# Anchor Trolley



## jross31455 (Aug 11, 2011)

Is there any specific brand of anchor trolley to use for a perception pescador120?


----------



## oxbeast1210 (Jun 21, 2010)

Ikster has a nice one on his not sure what brand


----------



## jross31455 (Aug 11, 2011)

i am new to this and i am in afghanistan right now and i am expected to head back to america soon so in my free time i am trying to get everything so i can enjoy my new kayak when i get back. i am totally not sure how the anchor trolley system works but it looks very useful and simple.


----------



## Ikester (Jun 24, 2011)

I took the parts from the Harmony system and made my own. Contact me when you get back and I can give you a parts list so you can do it cheaper than the kit. If you want to see what mine looks like maybe Ox can take some pics of it and post em.


----------



## Yakmaster (Dec 24, 2011)

Jross531455,
I also have a perception pescador 120 and I recentley put a anchor trolley on my kayak. I didnt go buy one but made my own off a Utube video I seen called 30 miles out, some kayakers site. But anyways I made mine for around 20 bucks and its the best thing Ive ever done. But if you dont want to spend the dollars on buying one go check out that site and they show you how to make your own.


----------



## FLSalomon (Oct 3, 2007)

They are easy to do yourself - you don't need a kit. There are numerous designs, just see which one you like best. 

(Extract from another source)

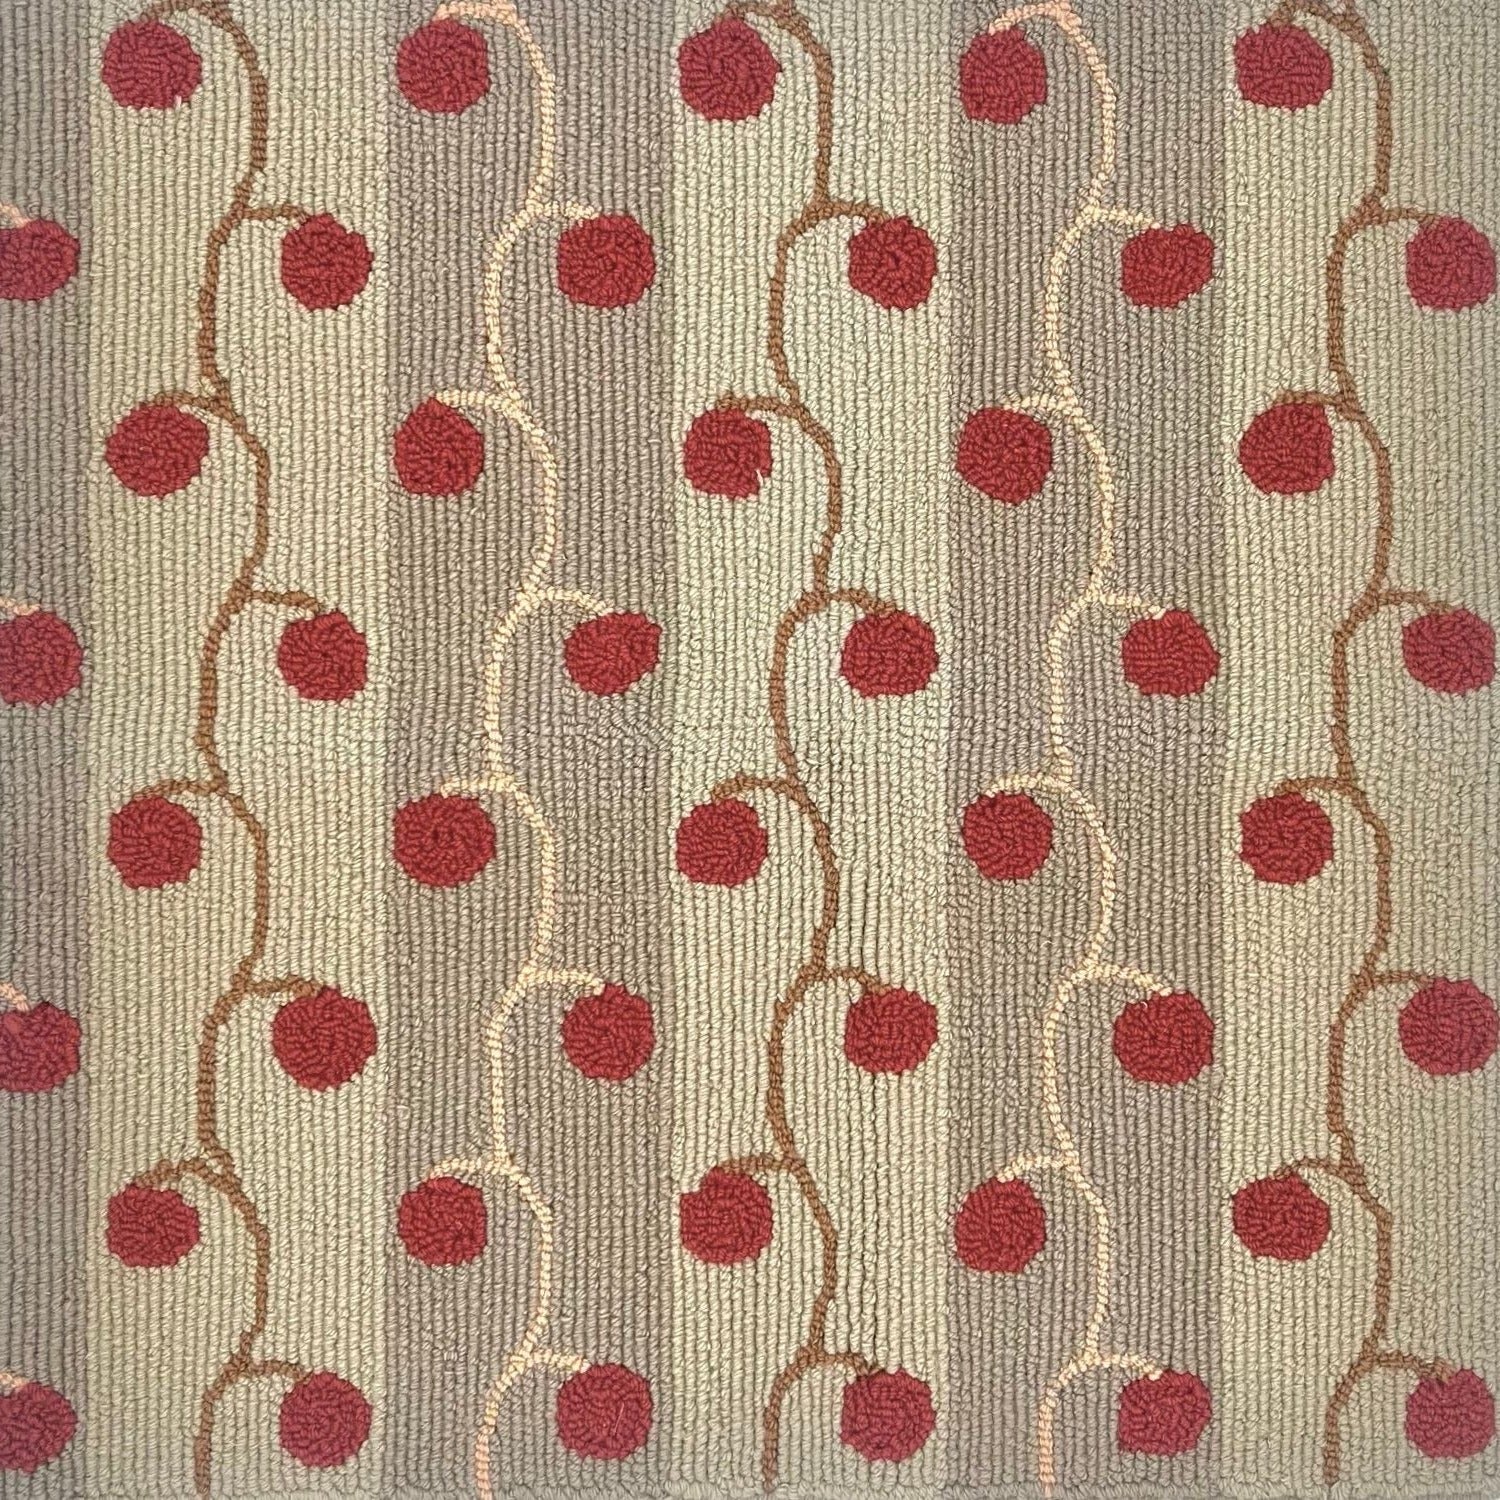 Detail of handtufted rugh with red cherry vines against neutral stripes
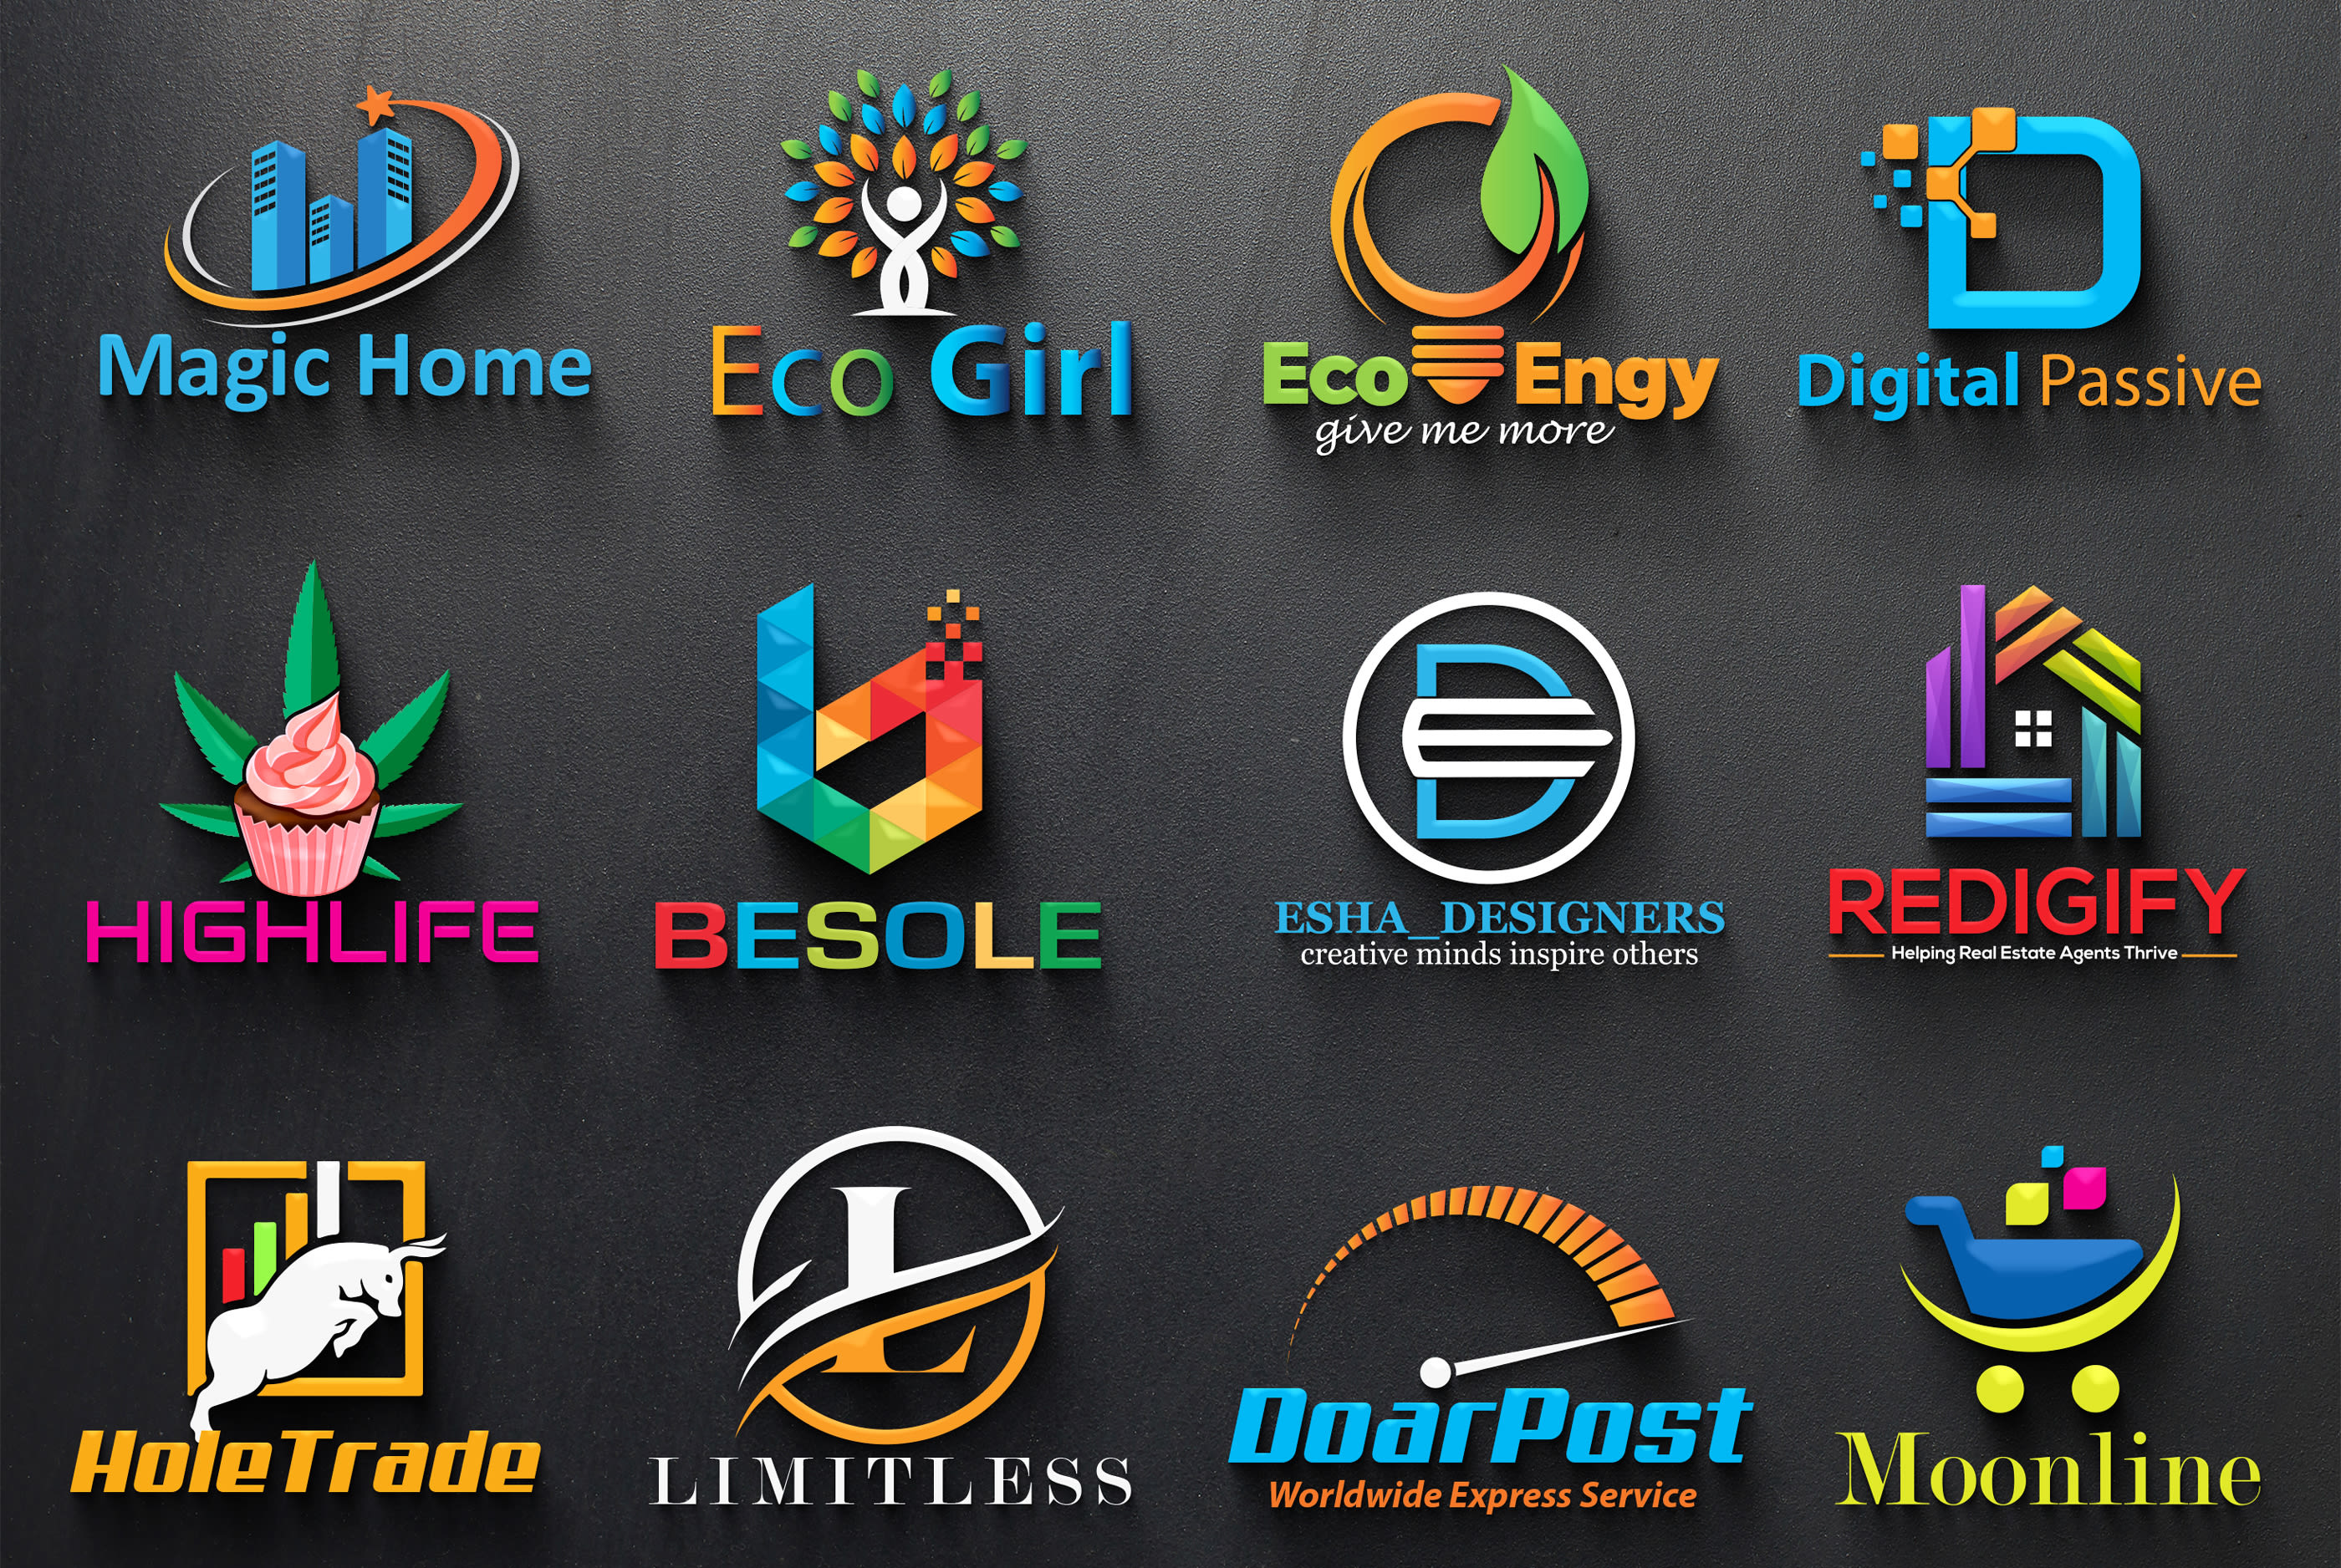 Do Unique Modern 3d Logo Design For Your Business And Company By Esha Designers Fiverr

I spent a little more and invested in SS microblocks, small SS carabiners and a SS ring. It costs a little more, but the main parts last forever.


----------



## tmber8 (Mar 2, 2011)

I have a Pescador and made mine with plastic fairleads. No pulleys, no metal, no moving parts = totally silent. Just run your rope through each fairlead, attach to a nylon ring and you are finished. Did the samething on my Freedomhawk. You can buy everything at West Marine for less than $10.


----------



## Yakmaster (Dec 24, 2011)

Thats cool tmber8, Ill look into that. I like to see a pic if you have one


----------



## PBTH (Oct 1, 2007)

I designed mine the same as timber 8. Cheap, works perfect, and I remove mine in less than a minute if I want it out of my way.


----------



## JD7.62 (Feb 13, 2008)

Mine is the same way as well. Simple but effective.


----------



## tmber8 (Mar 2, 2011)

I don't deserve the credit for using fairleads, I borrowed it from Captken.

Here is the link:

http://www.pensacolafishingforum.com/f49/stealthier-yak-anchring-system-21717/

But if it doesn't work just search for fairlead and look for his post with a nice picture.


----------



## Yakmaster (Dec 24, 2011)

thanks bro ill check out that link


----------